### Collected data:

►

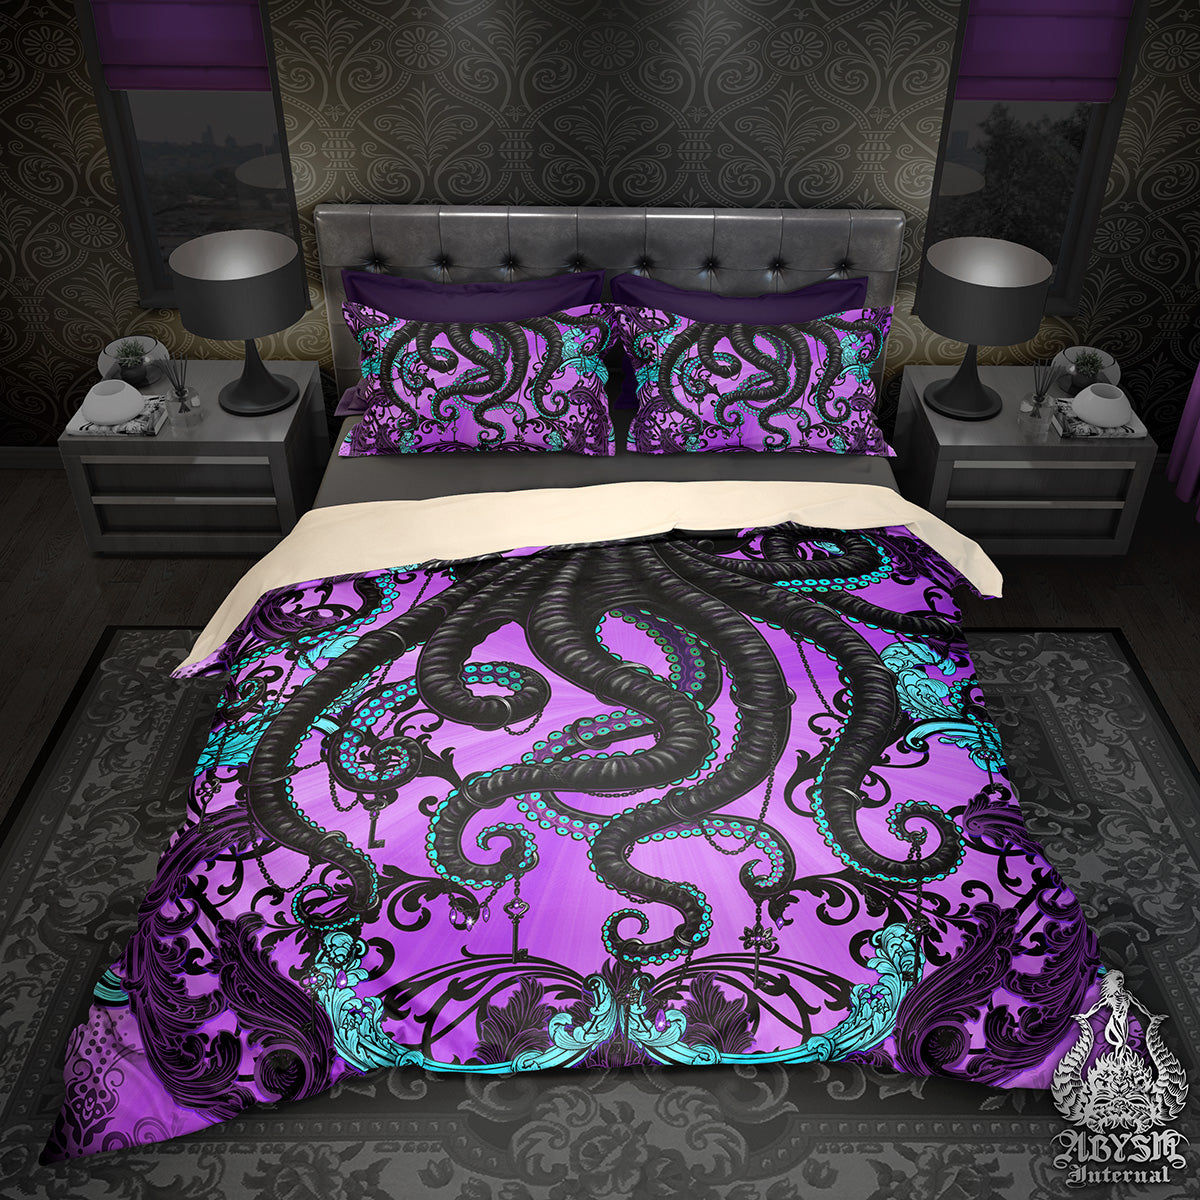 Pastel Goth Bedding Set with Octopus, Gothic Bed Cover, Duvet, Comforter and Decor by Abysm Internal
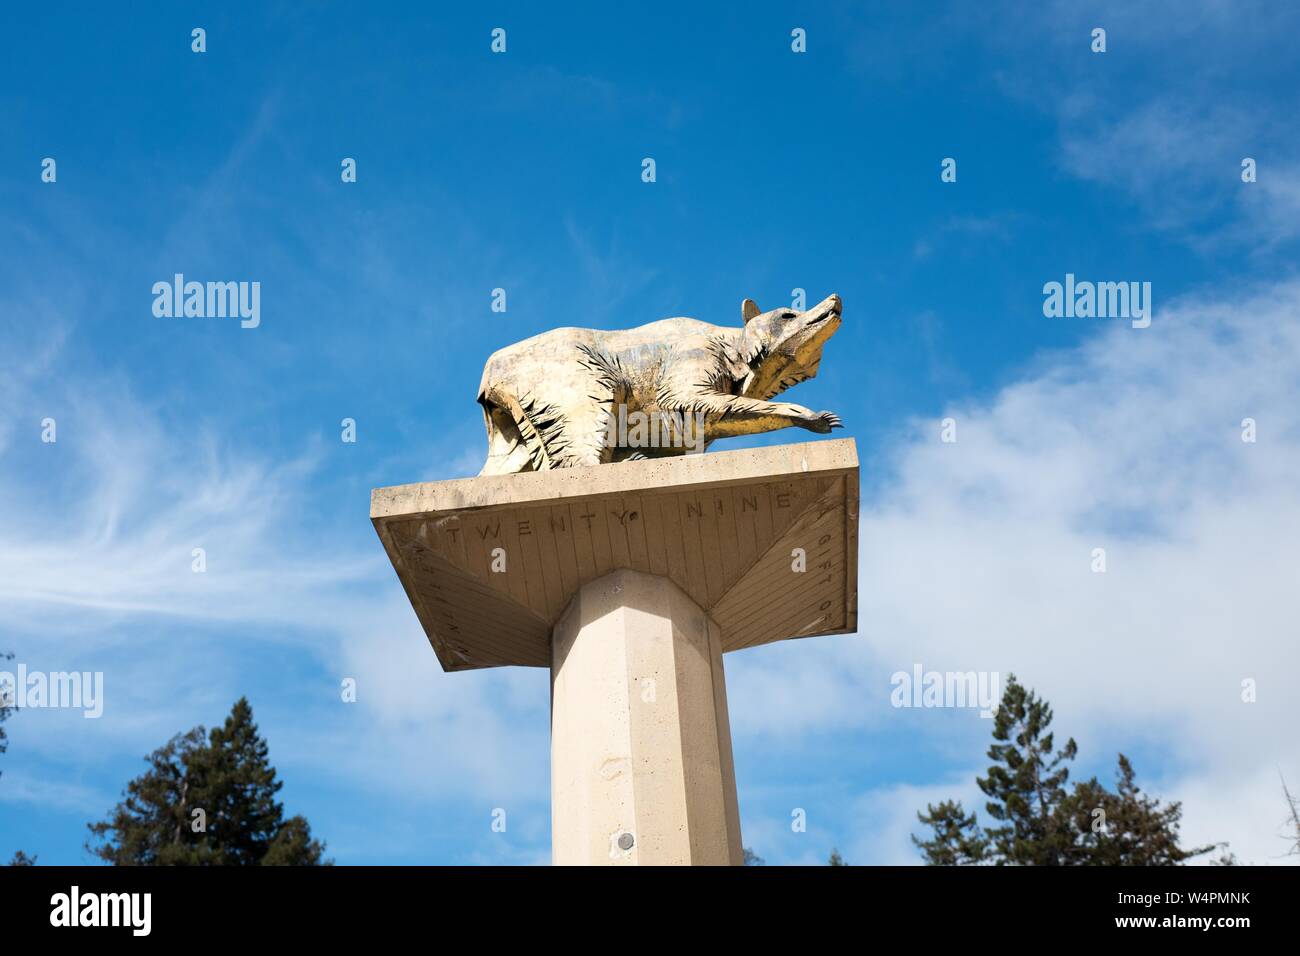 Iconic Golden Bear statue featuring the mascot of UC Berkeley, donated by the class of 1929, on the campus of UC Berkeley in Berkeley, California, October 9, 2018. () Stock Photo
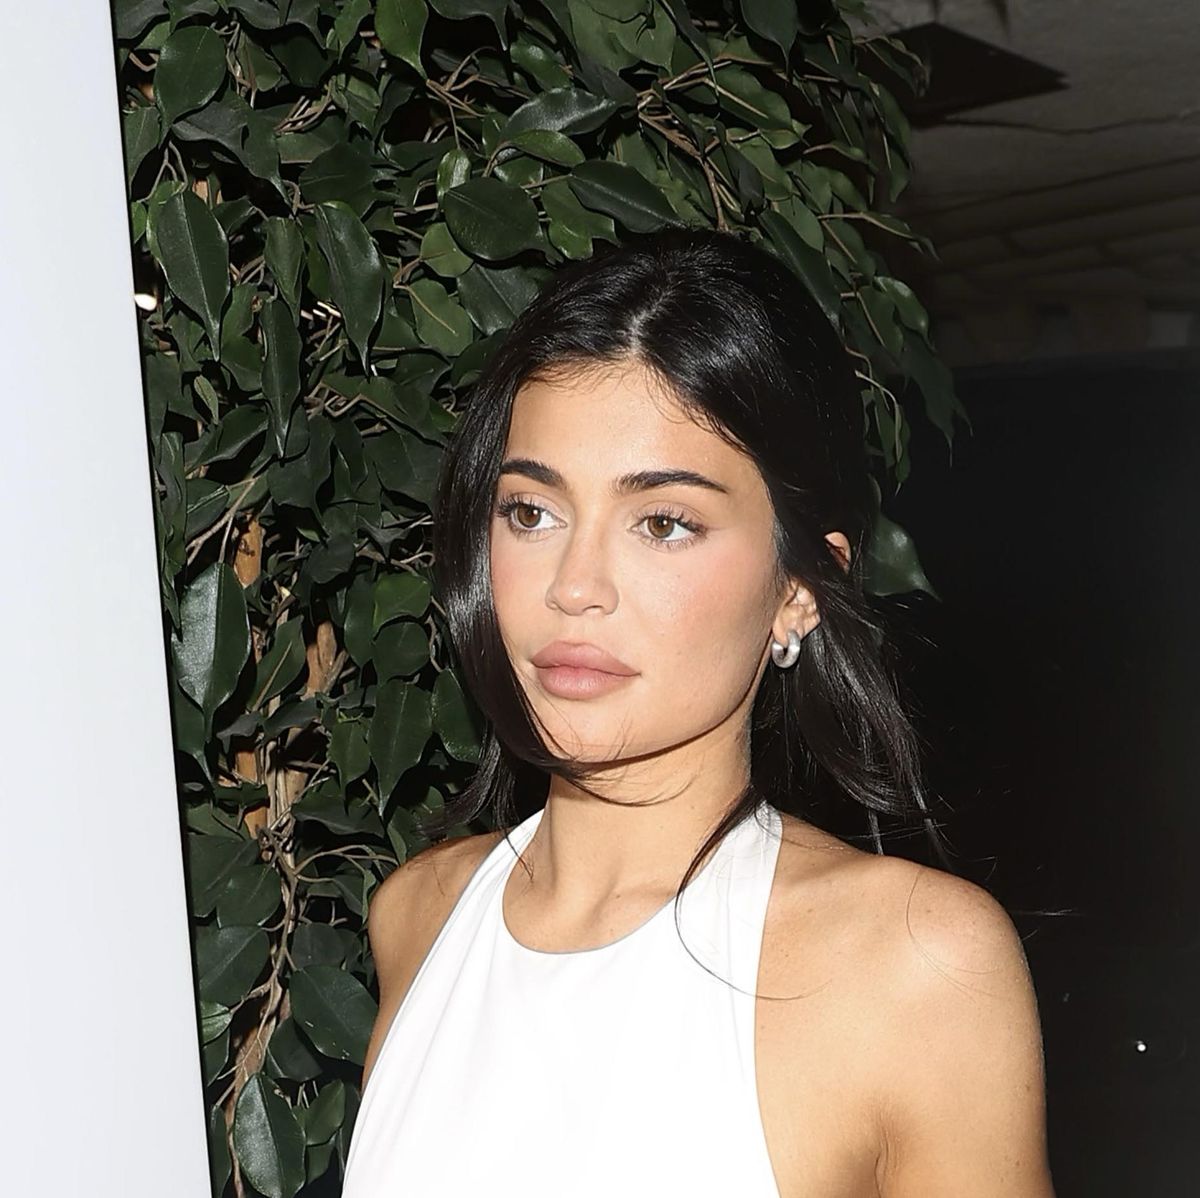 Kylie Jenner Uses Aging Filter to Show Face with Eye Bags, Wrinkles
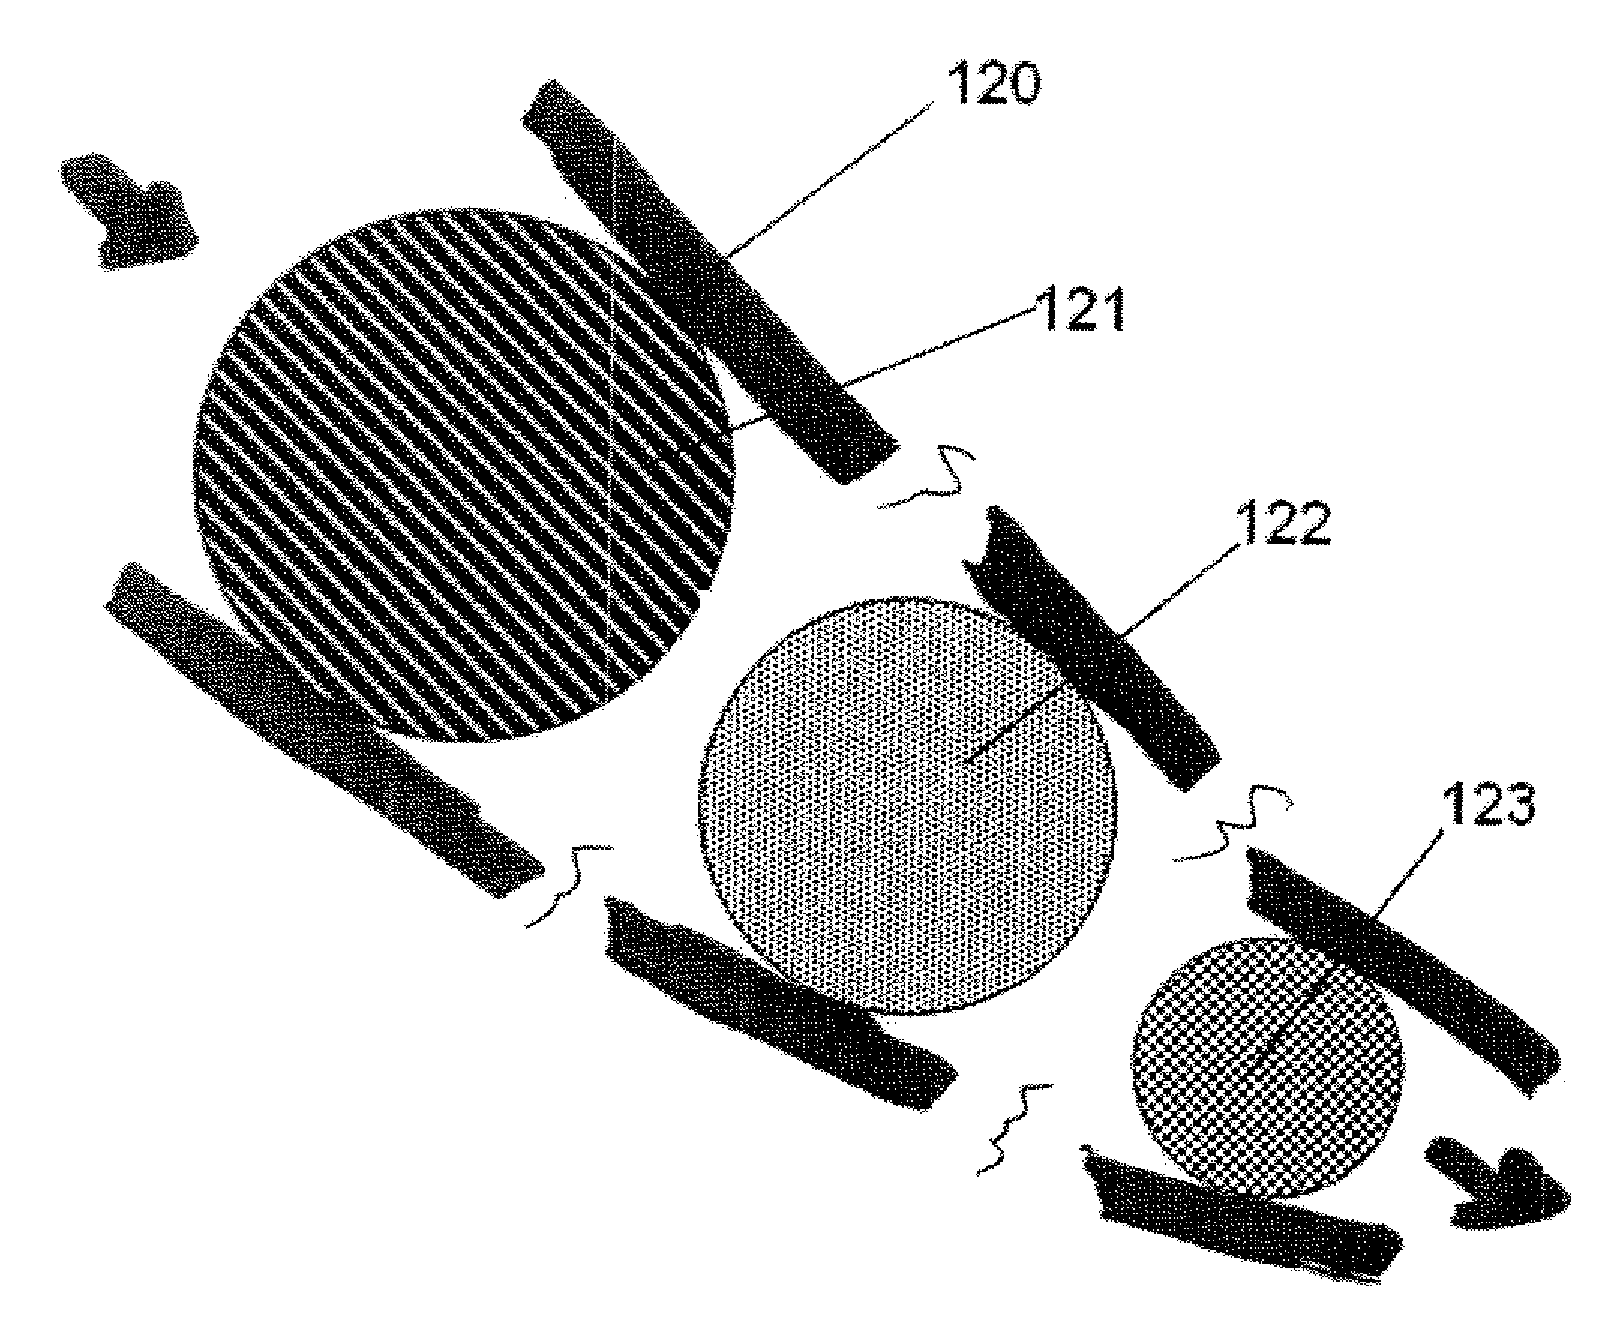 Color-Coded and Sized Loadable Polymeric Particles for Therapeutic and/or Diagnostic Applications and Methods of Preparing and Using the Same

◄

### Assignment:
Would you write out exactly the lines above, starting at the line containing "Iconic Golden Bear" and stopping after the line containing "Kylie Jenner Uses"? Omit the pictures.

### Answer to this problem:
 Iconic Golden Bear statue featuring the mascot of UC Berkeley, donated by the class of 1929, on the campus of UC Berkeley in Berkeley, California, October 9, 2018. () Stock Photo
 Kylie Jenner Uses Aging Filter to Show Face with Eye Bags, Wrinkles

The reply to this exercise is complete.